Calls for investigation into test credibility go unanswered

State Board of Regents Chancellor Merryl Tisch is calling for state exams to be more “defensible,” but a study investigating test score credibility requested a year ago by the state’s testing oversight board has still not received a go-ahead.

The committee first formally asked the state education department to join an academic study on the state tests in the fall of 2008, said chair Howard Everson. The education department declined but did not rule out future participation. Since then, Everson has received no requests to revisit the idea, he said in an interview yesterday.

“It’s hard to trust the data right now,” said Everson, a psychometrician who is also a senior fellow at the City University of New York. Everson’s committee, the state Technical Advisory Group, is charged with monitoring the state testing process.

The study, which Everson is developing with Harvard education professor Daniel Koretz, would investigate a phenomenon called score inflation. Score inflation happens when rises in test scores reflect something other than actual learning — for instance, bending the test rules (e.g., giving students more time) or even cheating. Tests may also become so predictable that teachers learn to coach students on how to ace them, experts say.

The researchers propose measuring what test scores really represent by creating a “test within a test” that would assess the same skills but in a variety of formats. If students score worse on the new test than on the regular test, Everson said, that would suggest that score inflation is at work.

The key is to give both tests to the same group of students at around the same time. This would eliminate variables that may account for existing differences in results between state exams and alternative assessments such as NAEP.

If such a study happened, Everson said, it would be the first time that New York state accountability tests have ever been rigorously examined for possible score inflation.

Requests for comment by a state education department spokesman on whether a study on score inflation is being considered were not returned.

The research study designed by Everson and Koretz is still in its preliminary stages, Everson said, and the researchers are in early discussions with several states to participate.

New York would be an excellent site for research because of the high stakes attached to the exams, Koretz said in an interview earlier this year.

“In the old days, when the pressure to raise scores wasn’t so high, it mattered less that tests were somewhat predictable,” he said. “But when the pressure is as high as it is now – everywhere, but particularly in New York with value-added measures for teachers and so on – people have every incentive to look for predictable patterns and to narrow their instruction to focus on those patterns.”

Columbia University sociology researcher Jennifer Jennings has found that almost identical questions have appeared on each state math exam since 2006, making it easier for schools to teach to the test.

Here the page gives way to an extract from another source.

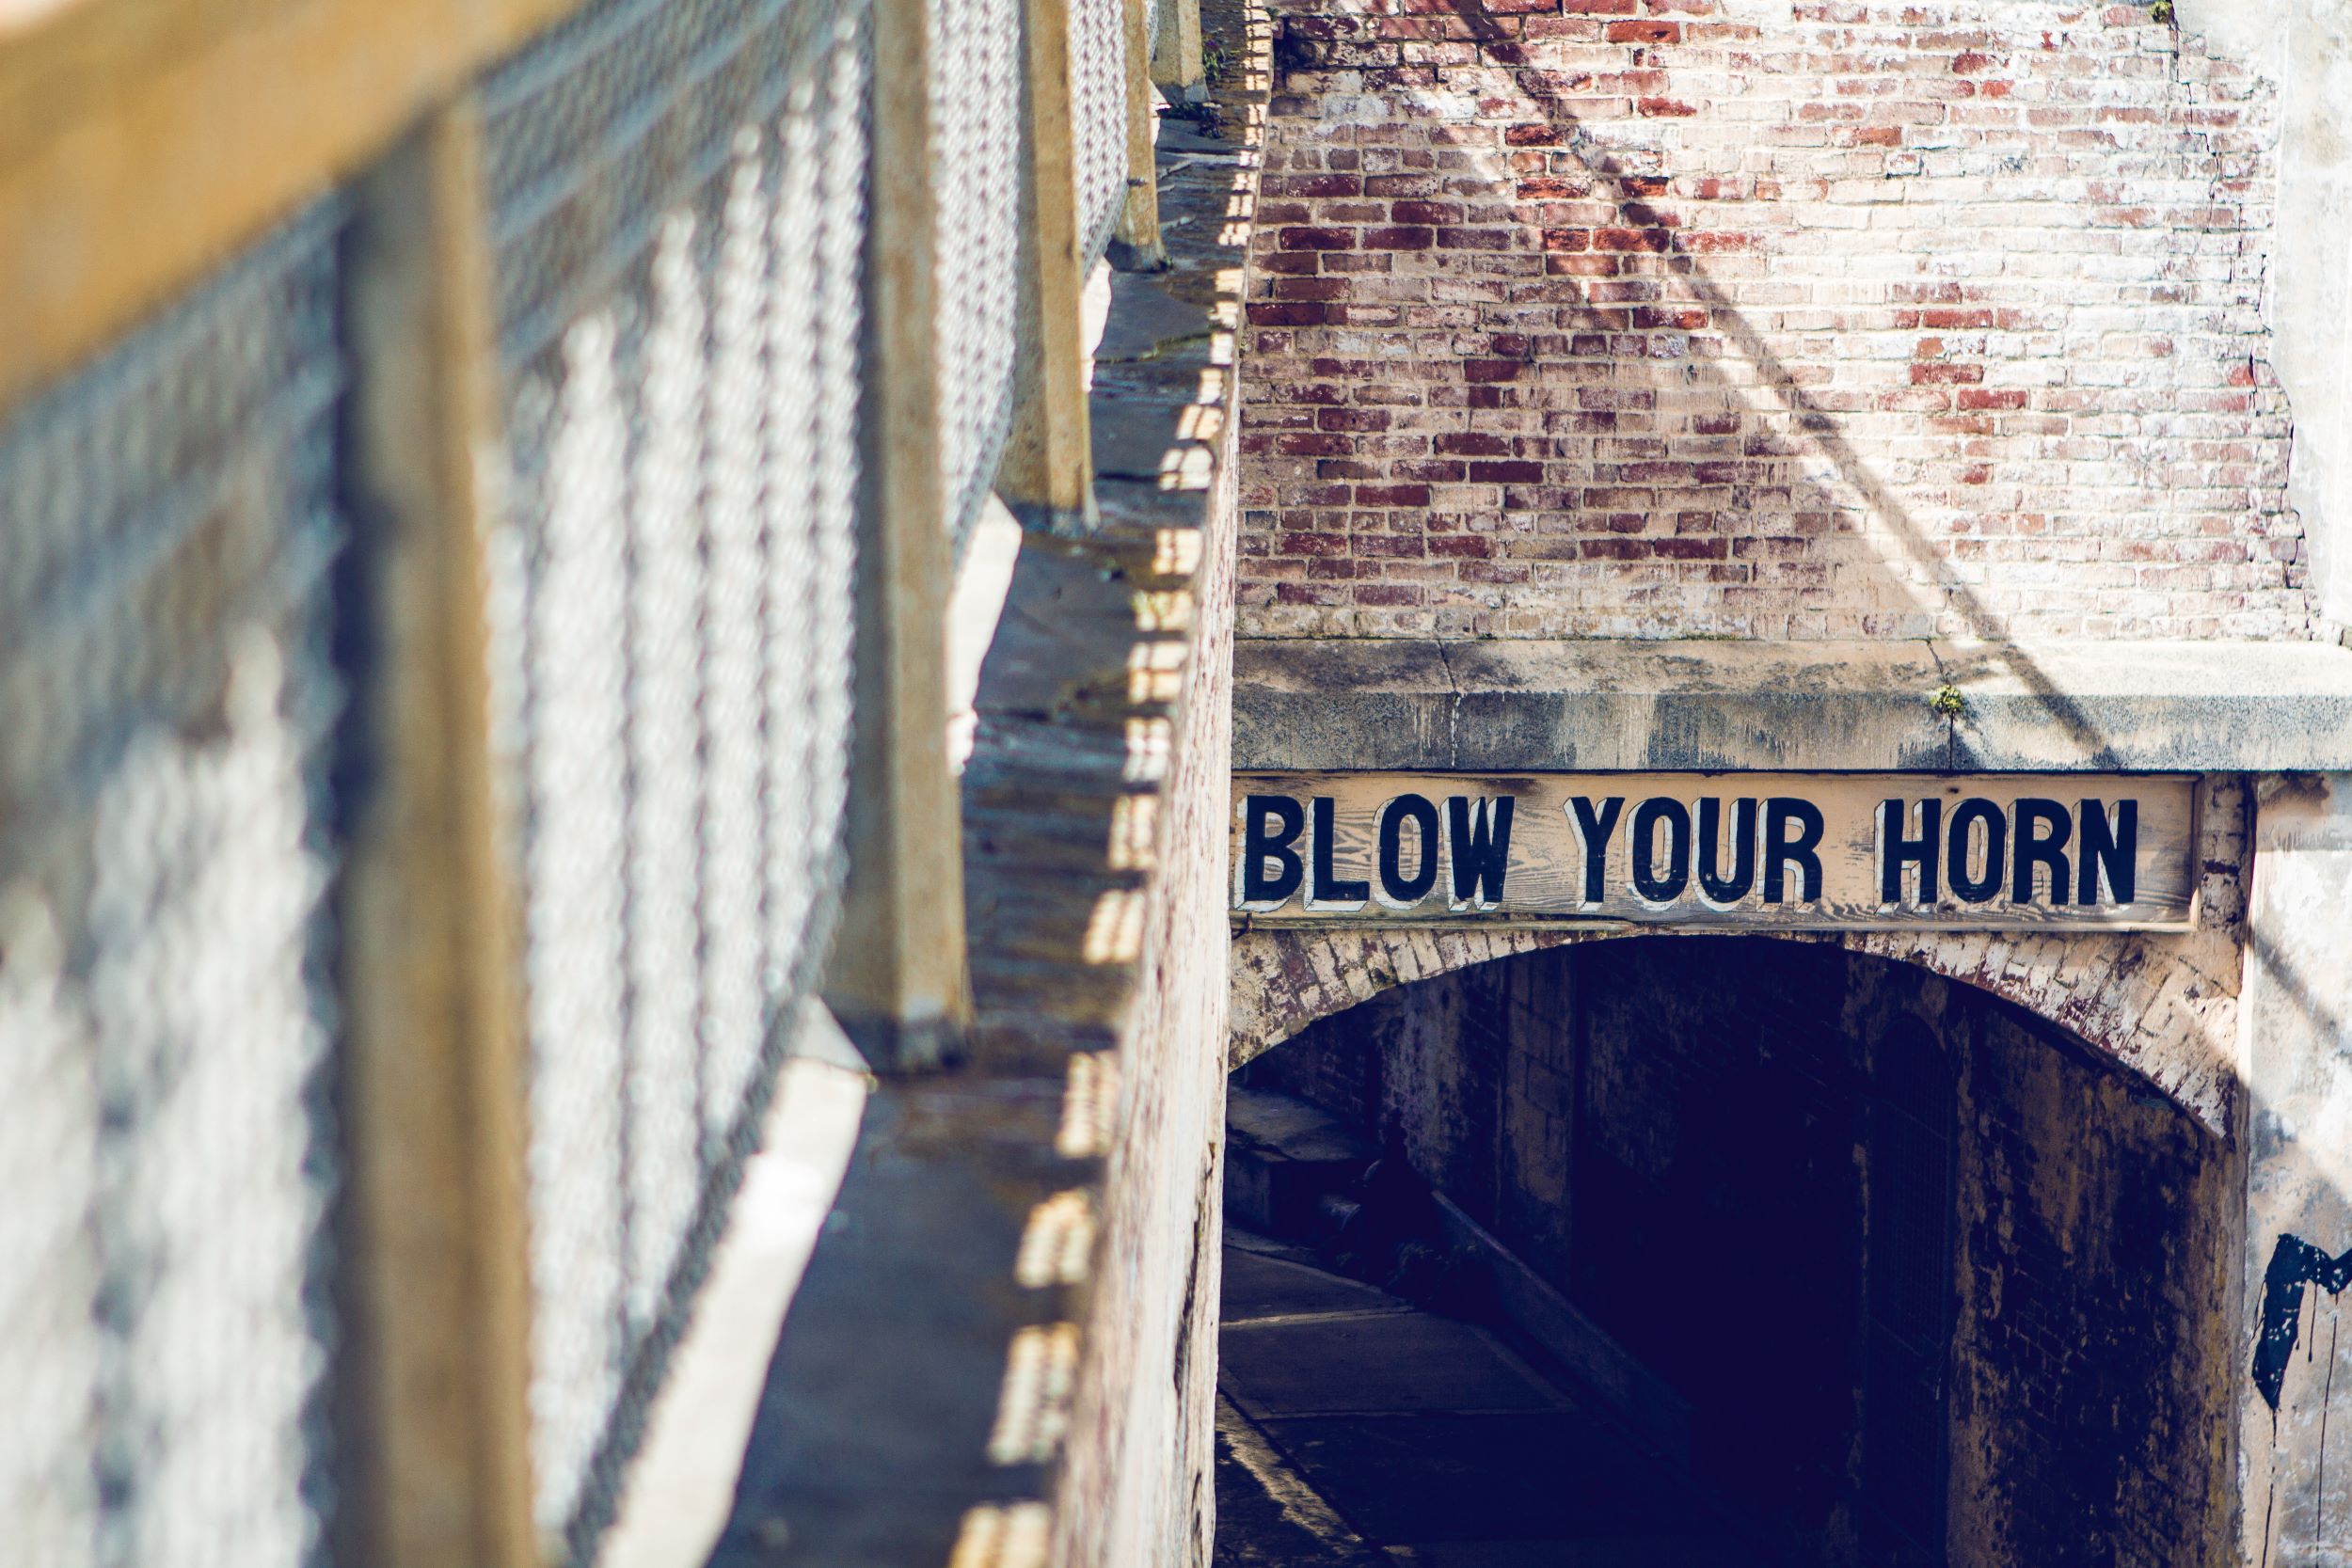 sign over tunnel that says "blow your horn"

Koretz said that with increased attention to high-stakes testing in New York, he hopes that the pressure for a thorough look into score inflation will mount.

“I hope that New York can be what finally breaks the ice,” he said.

Everson was quoted in the Times as saying that the state tests are “about as good as we can build them.” In an interview with GothamSchools, Everson elaborated on that appraisal, saying that the technical operations of state testing–how the tests are administered and scored–are strong. But he made a distinction between the way the tests are being given and the way the results are being interpreted.

“It’s just a hypothesis, but we worry that there would be more score inflation,” Everson said. “We think there would be more teaching to the test.” But there is no way to be sure without more rigorous examination, he said.

UPDATE: The New York State Department of Education is currently researching the possibility of using an “audit mechanism,” like the “test within a test” that Everson described, to guard against score inflation in their standardized tests, department spokesman Jonathan Burman said.